**The task:**
Reproduce the whole listing that follows, character for character, and drop the images.

(Dataset content begins)

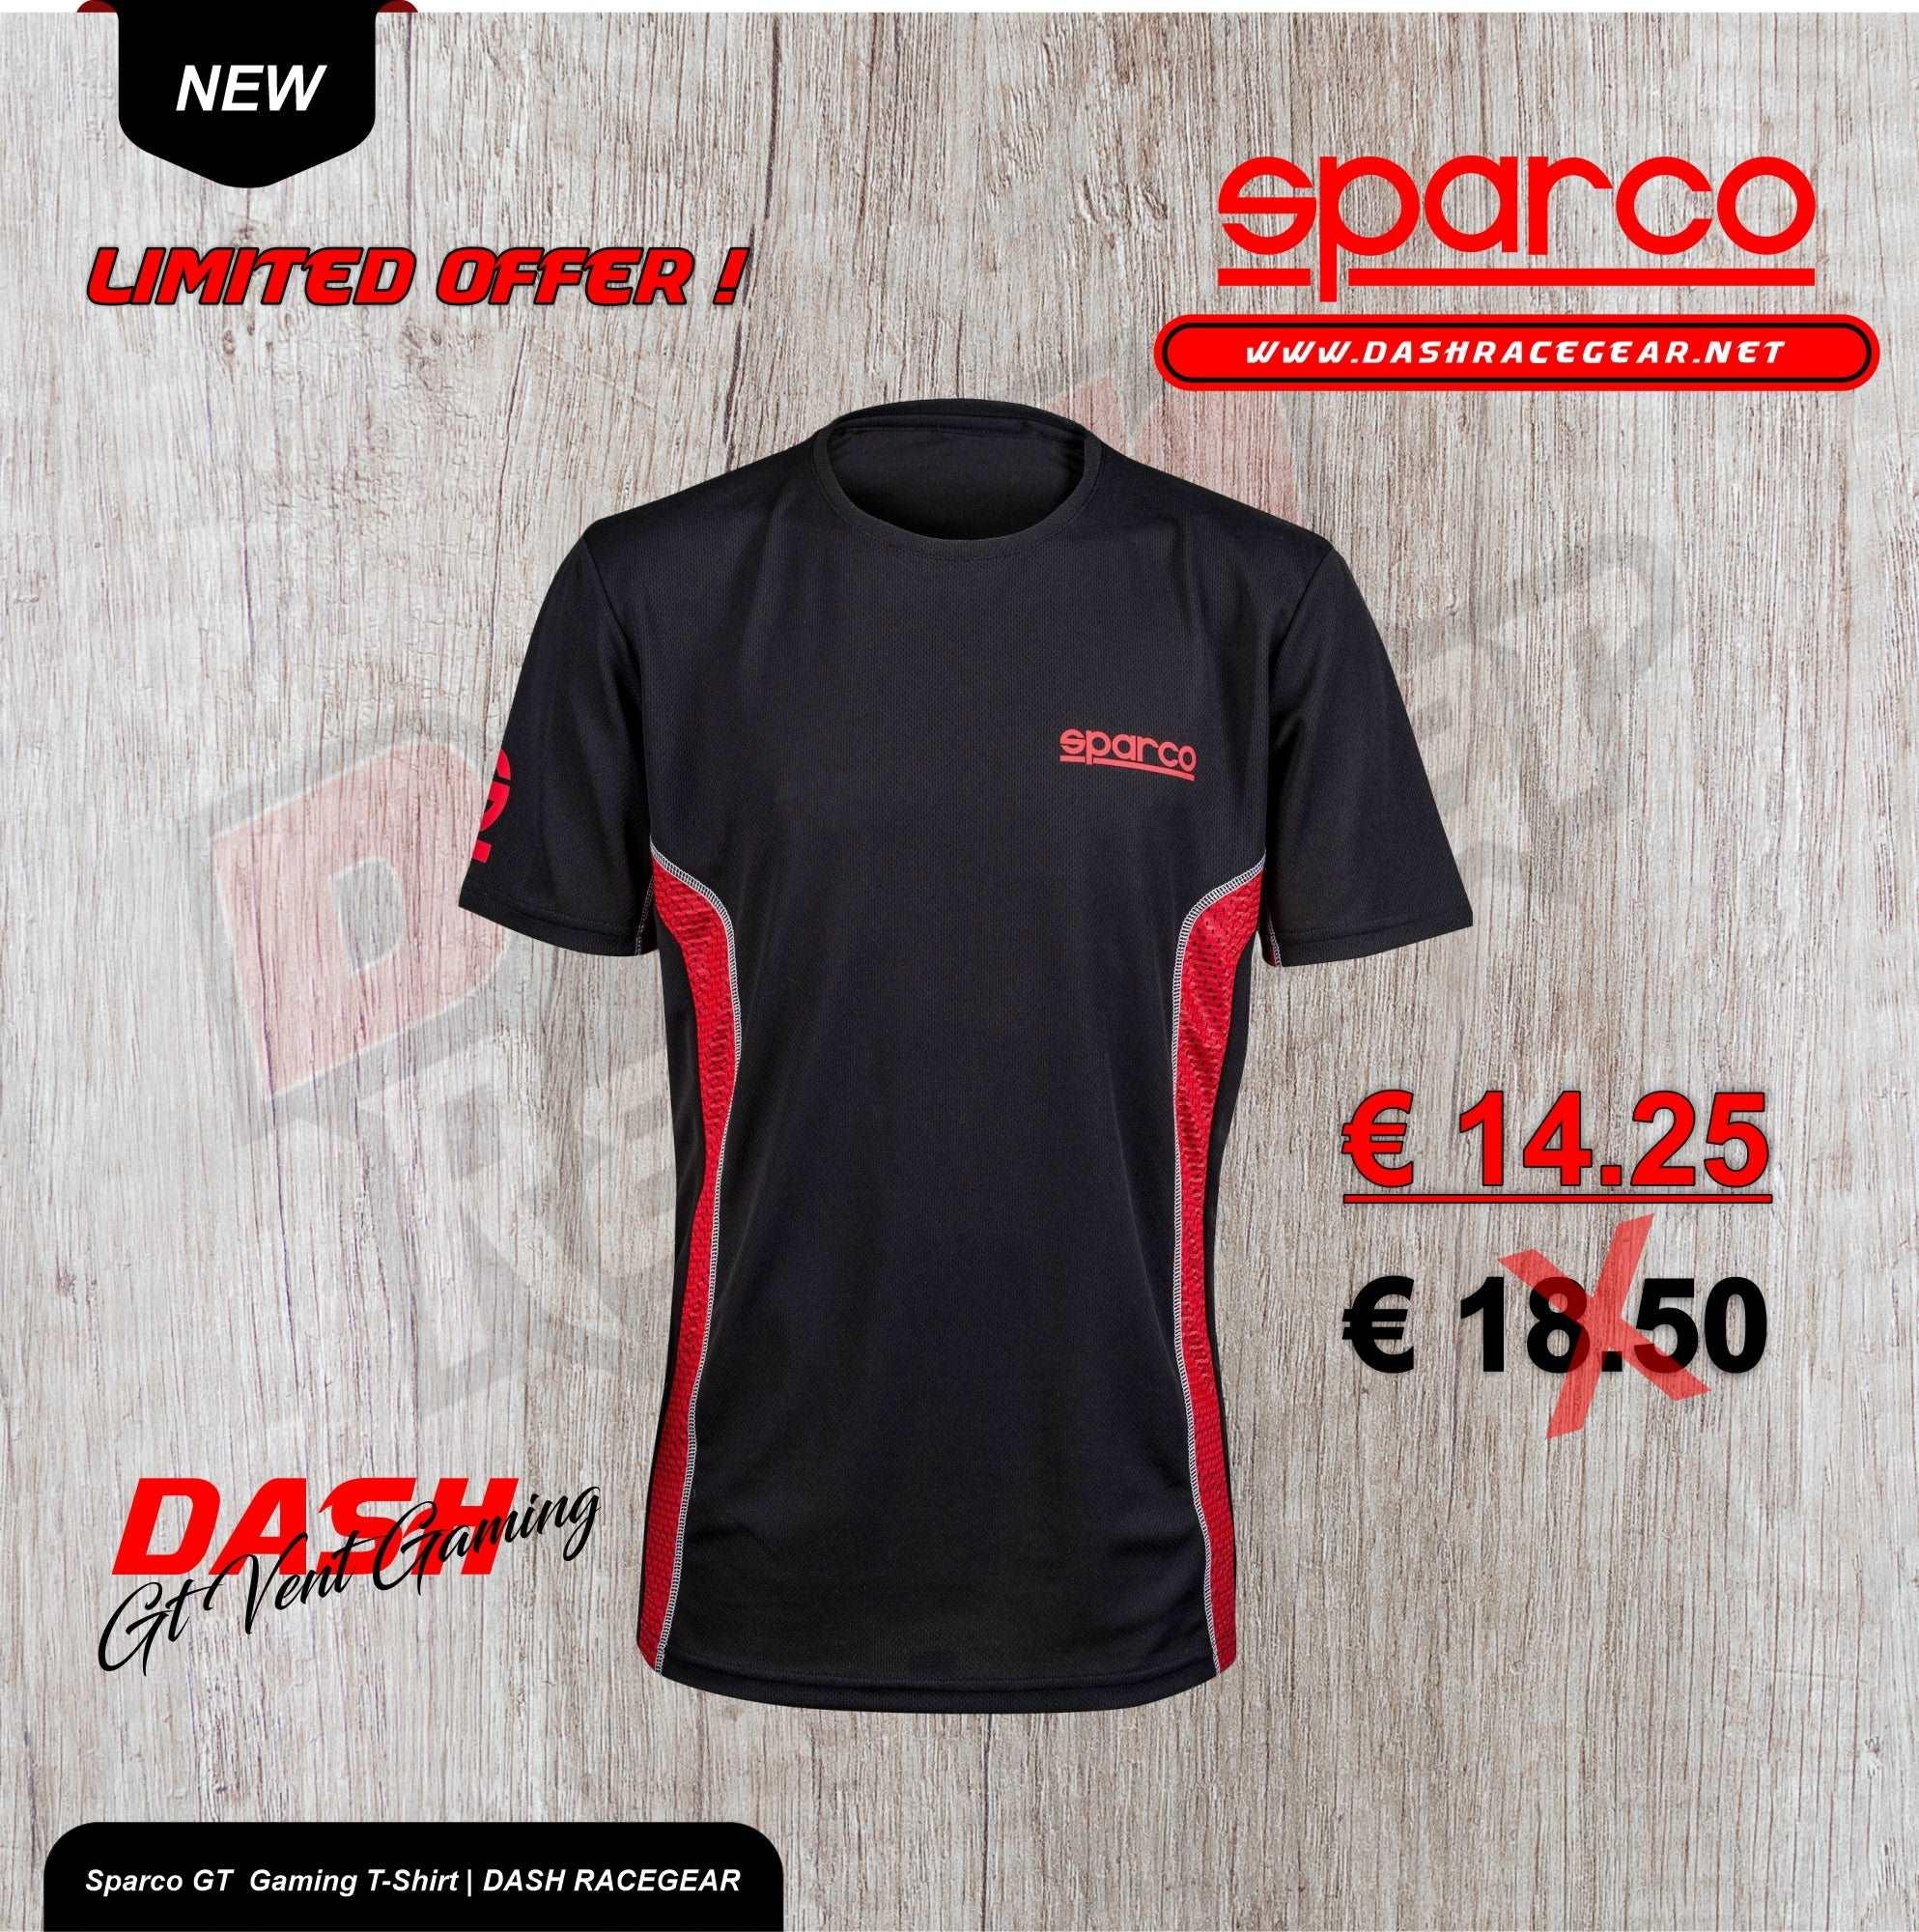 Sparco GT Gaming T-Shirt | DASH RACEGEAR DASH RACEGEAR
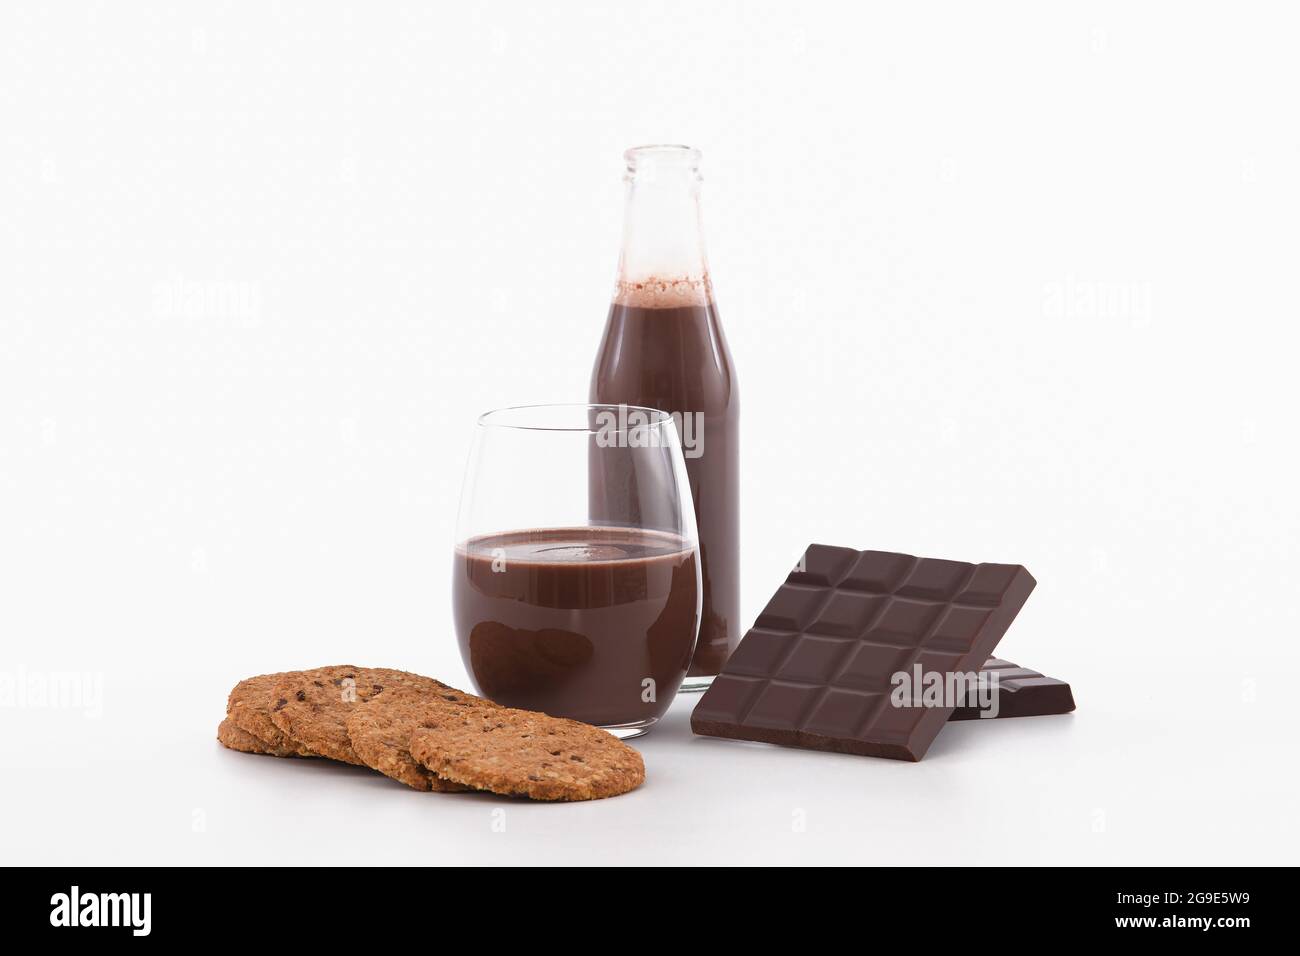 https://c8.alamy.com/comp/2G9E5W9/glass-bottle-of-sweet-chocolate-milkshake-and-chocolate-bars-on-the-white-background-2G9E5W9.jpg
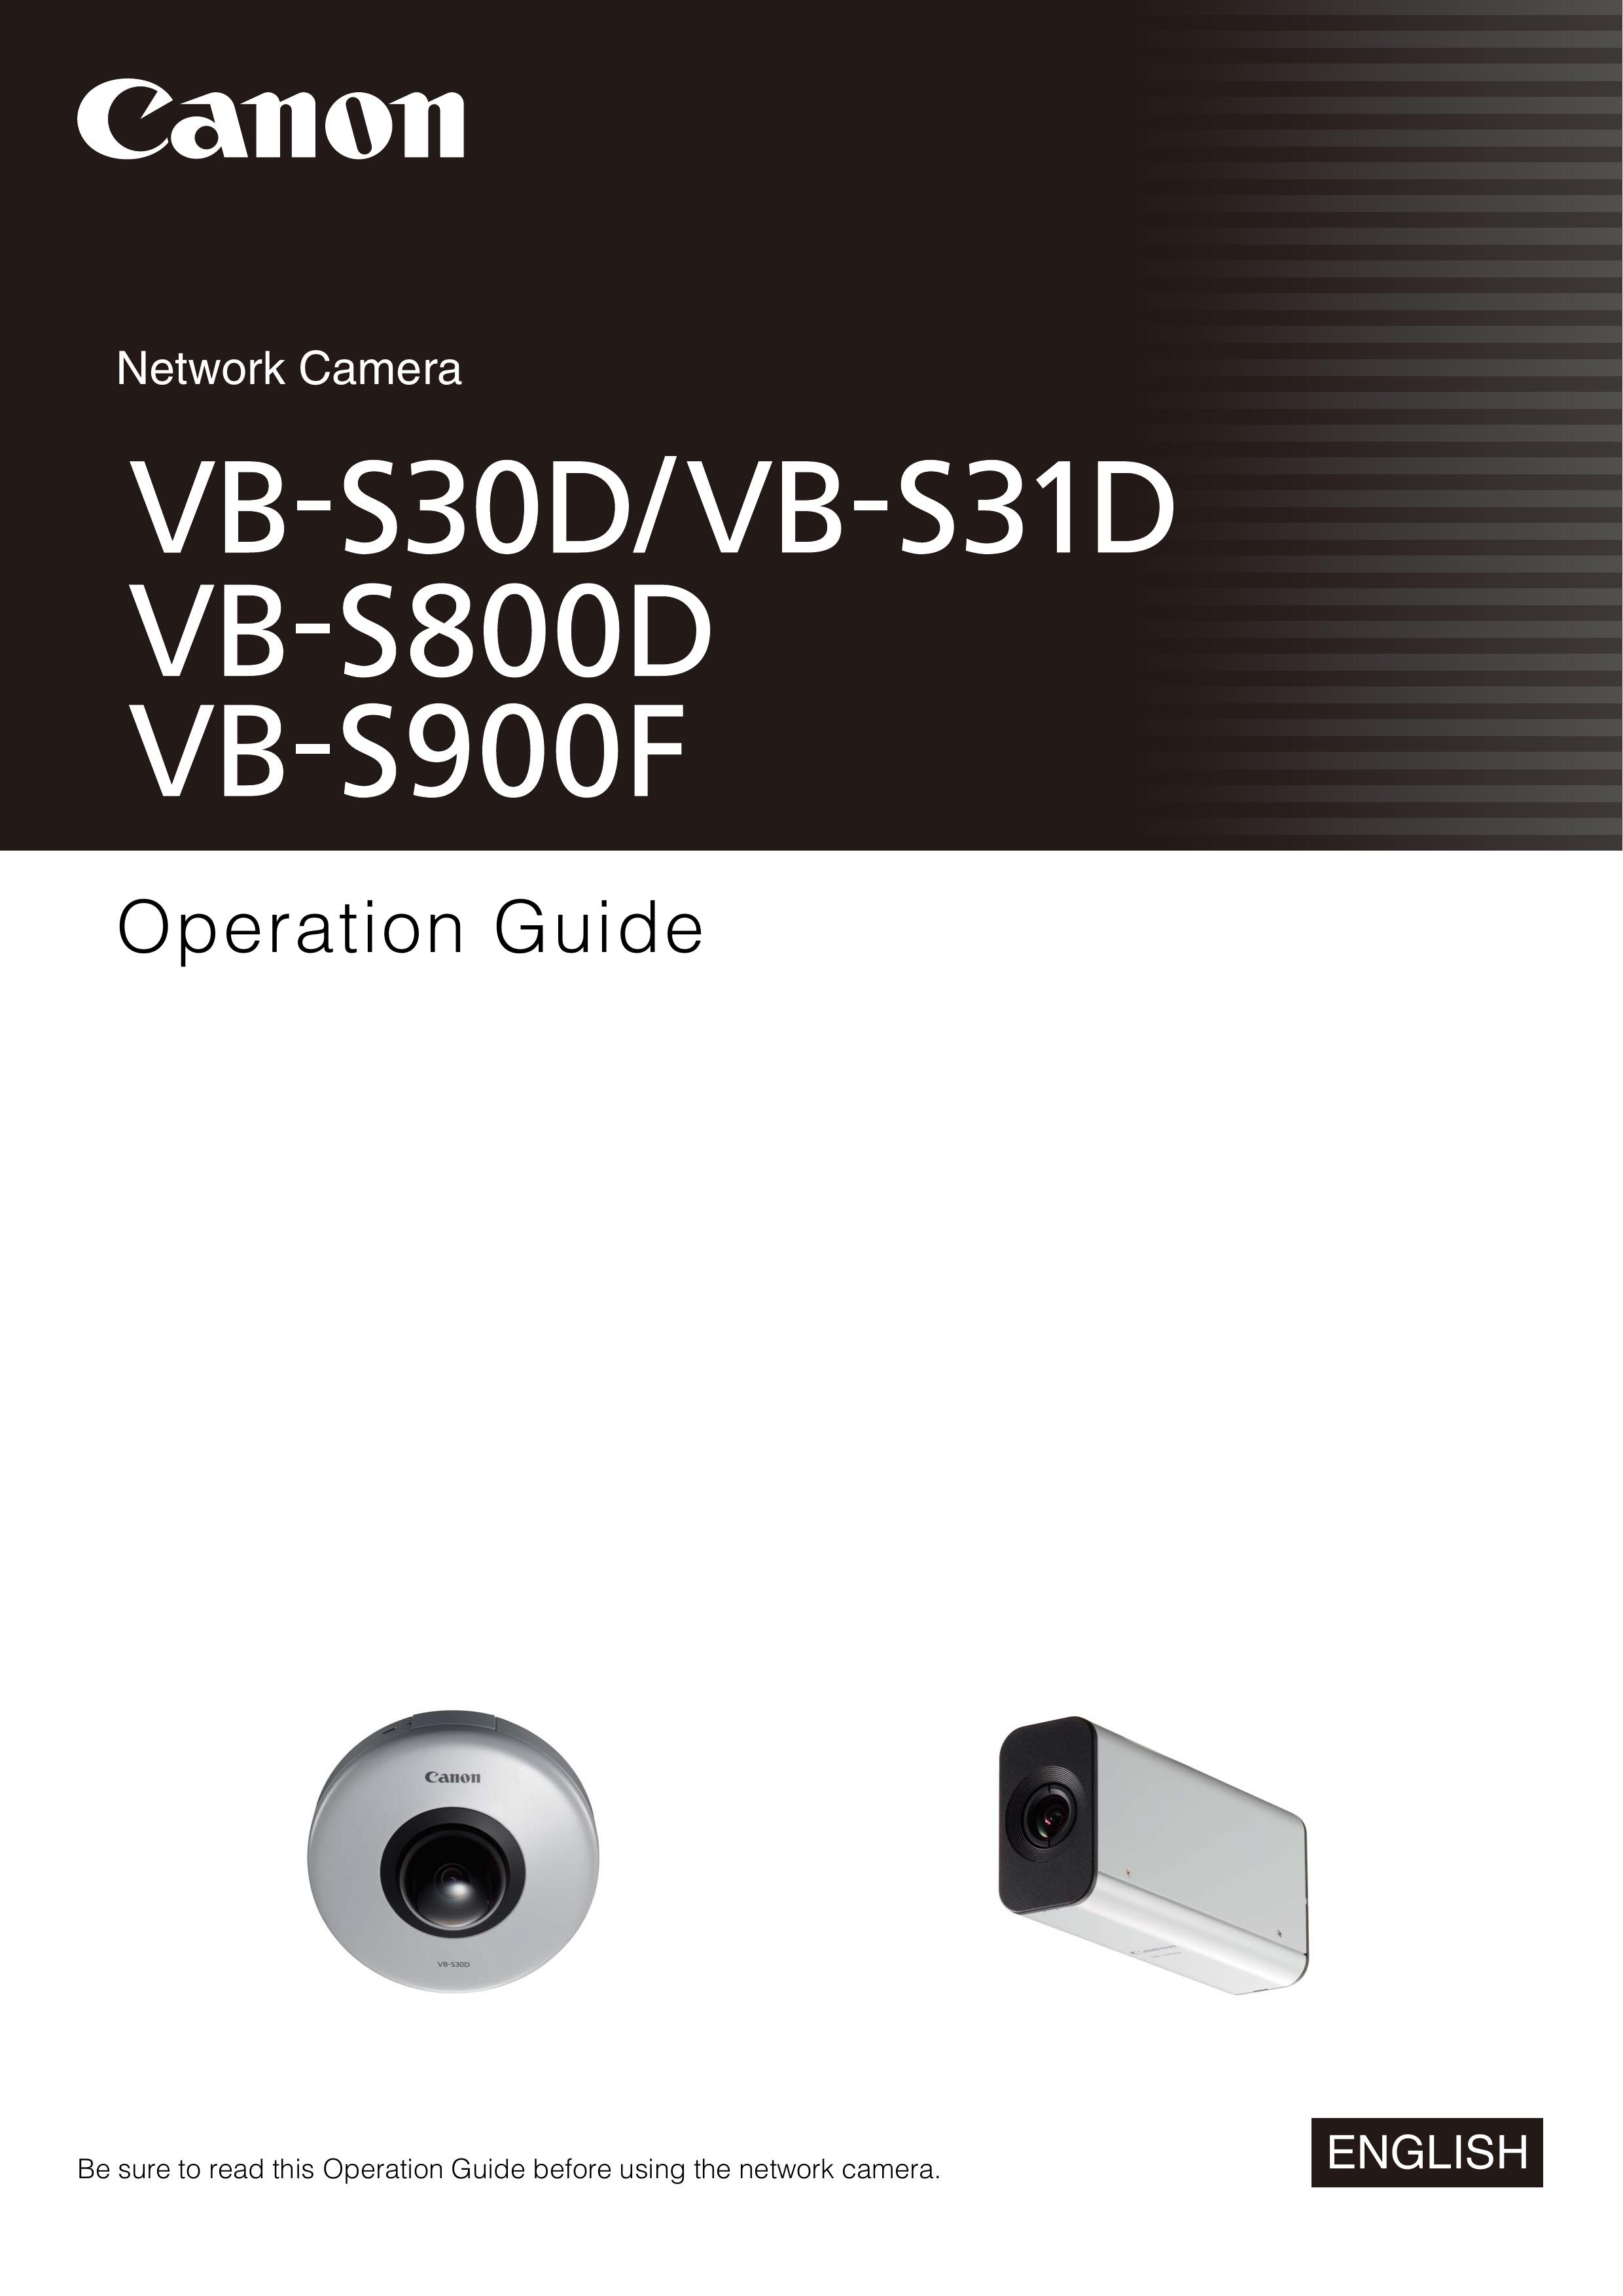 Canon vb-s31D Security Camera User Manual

(Dataset content ends)

**Exercise answer:**
 Sparco GT Gaming T-Shirt | DASH RACEGEAR DASH RACEGEAR
 https://c8.alamy.com/comp/2G9E5W9/glass-bottle-of-sweet-chocolate-milkshake-and-chocolate-bars-on-the-white-background-2G9E5W9.jpg
 Canon vb-s31D Security Camera User Manual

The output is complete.